本文章由计算机程序翻译，如有差异，请以英文原文为准。

求助全文

约1分钟内获得全文求助全文

来源期刊

Journal of Intelligent Information Systems 工程技术-计算机：人工智能

CiteScore

7.20

自引率

11.80%

发文量

审稿时长

6-12 weeks

期刊介绍： The mission of the Journal of Intelligent Information Systems: Integrating Artifical Intelligence and Database Technologies is to foster and present research and development results focused on the integration of artificial intelligence and database technologies to create next generation information systems - Intelligent Information Systems.

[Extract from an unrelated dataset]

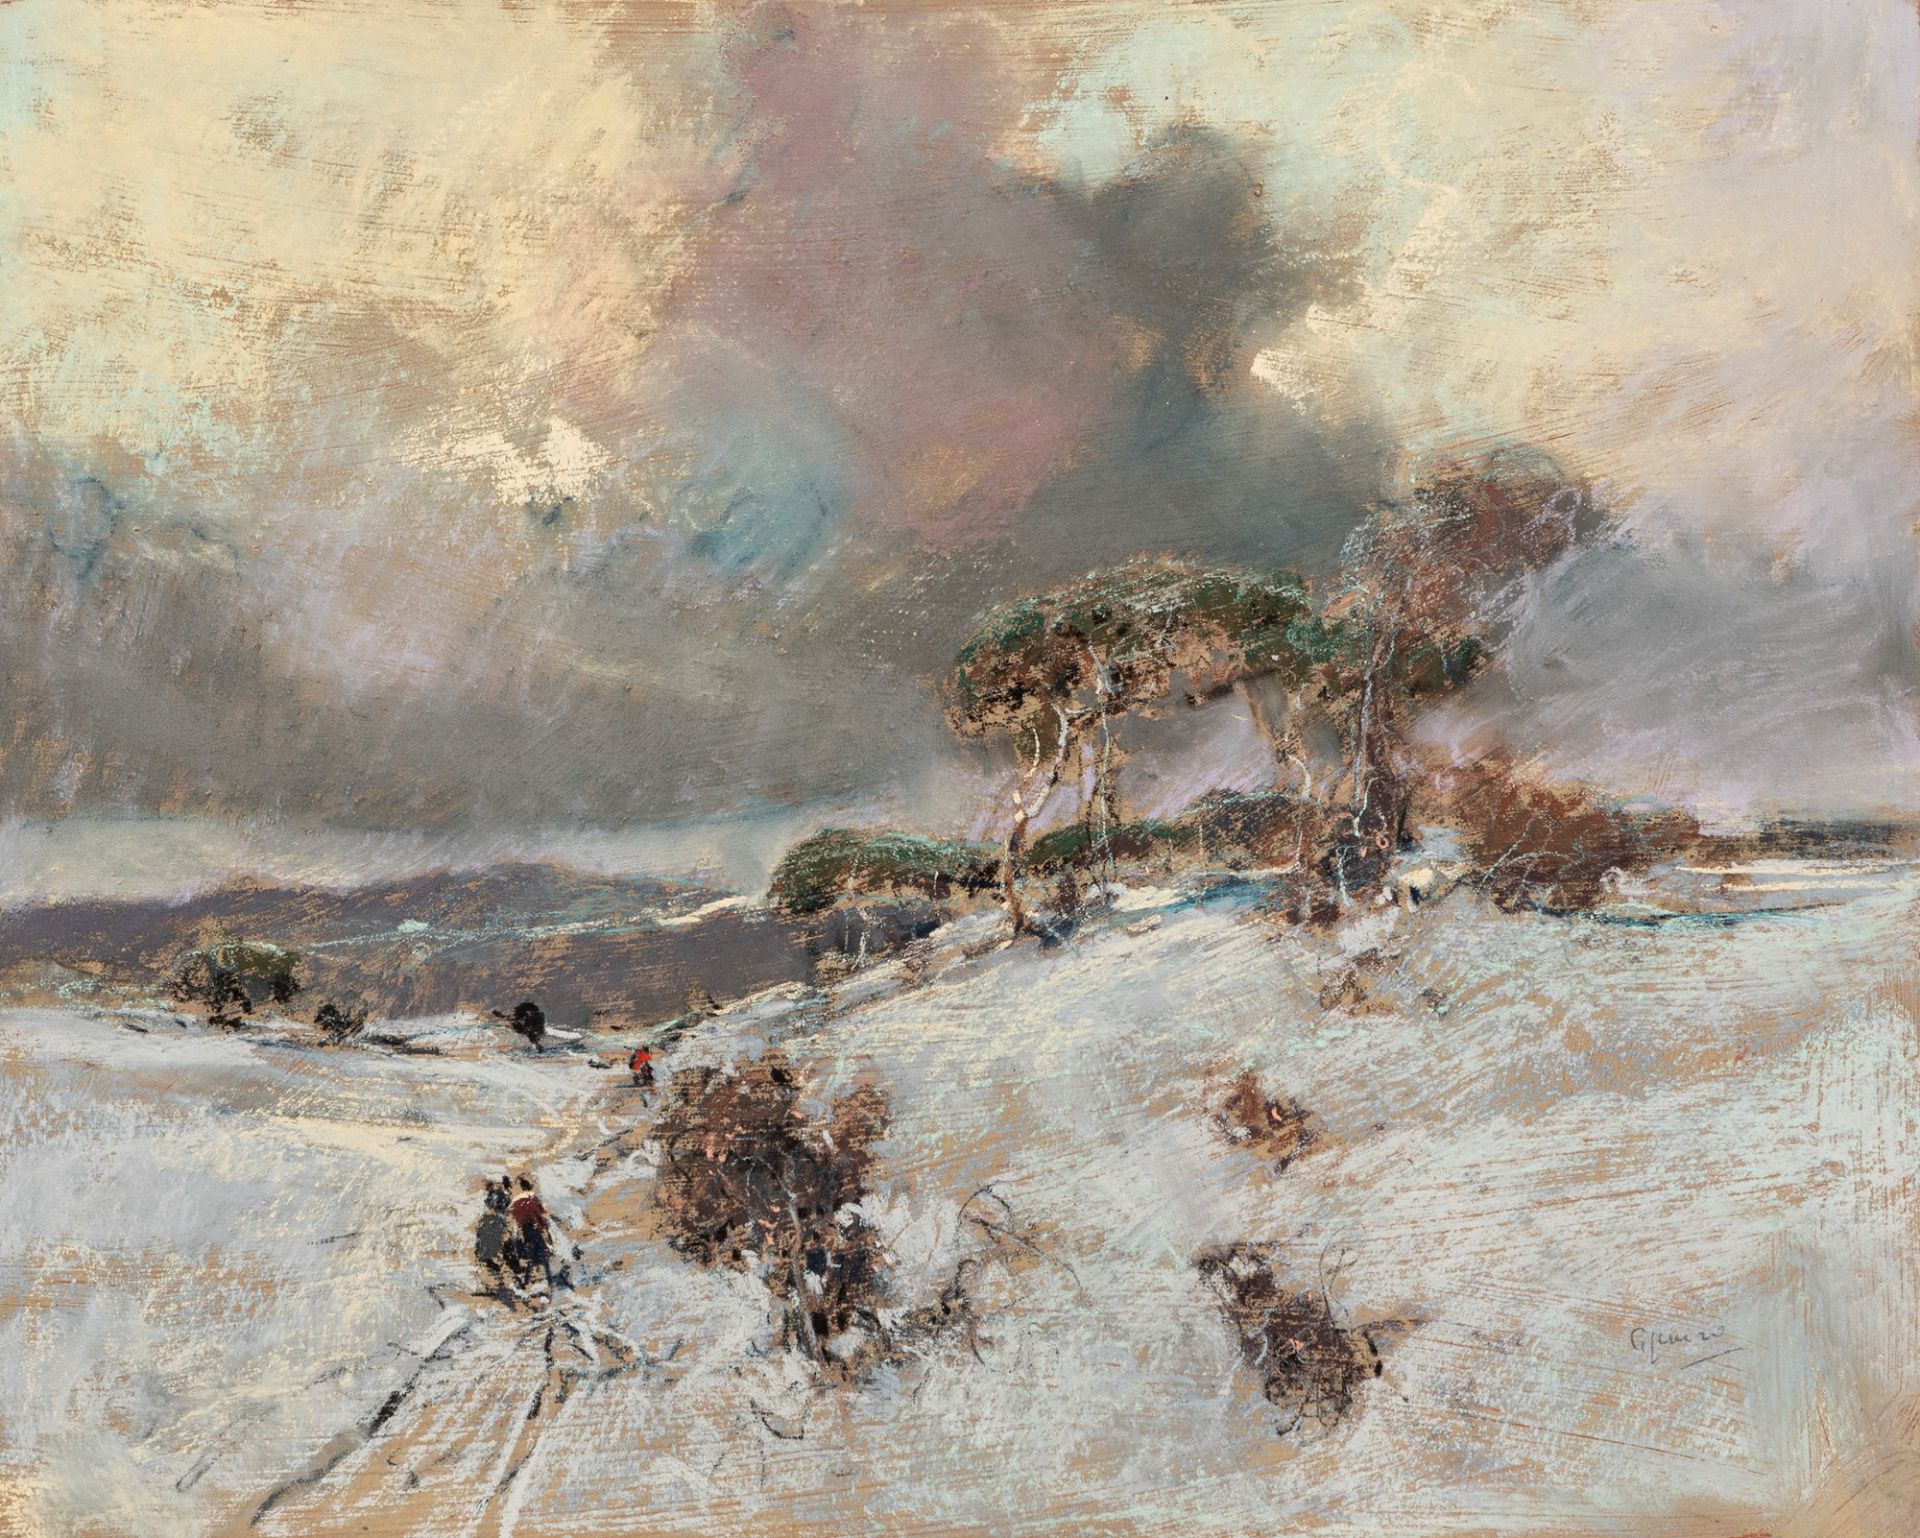 Giuseppe Casciaro (Ortelle 1863-Napoli 1945) - Winter landscape

These new information systems embody knowledge that allows them to exhibit intelligent behavior, cooperate with users and other systems in problem solving, discovery, access, retrieval and manipulation of a wide variety of multimedia data and knowledge, and reason under uncertainty. Increasingly, knowledge-directed inference processes are being used to: discover knowledge from large data collections, provide cooperative support to users in complex query formulation and refinement, access, retrieve, store and manage large collections of multimedia data and knowledge, integrate information from multiple heterogeneous data and knowledge sources, and reason about information under uncertain conditions. Multimedia and hypermedia information systems now operate on a global scale over the Internet, and new tools and techniques are needed to manage these dynamic and evolving information spaces. The Journal of Intelligent Information Systems provides a forum wherein academics, researchers and practitioners may publish high-quality, original and state-of-the-art papers describing theoretical aspects, systems architectures, analysis and design tools and techniques, and implementation experiences in intelligent information systems. The categories of papers published by JIIS include: research papers, invited papters, meetings, workshop and conference annoucements and reports, survey and tutorial articles, and book reviews. Short articles describing open problems or their solutions are also welcome.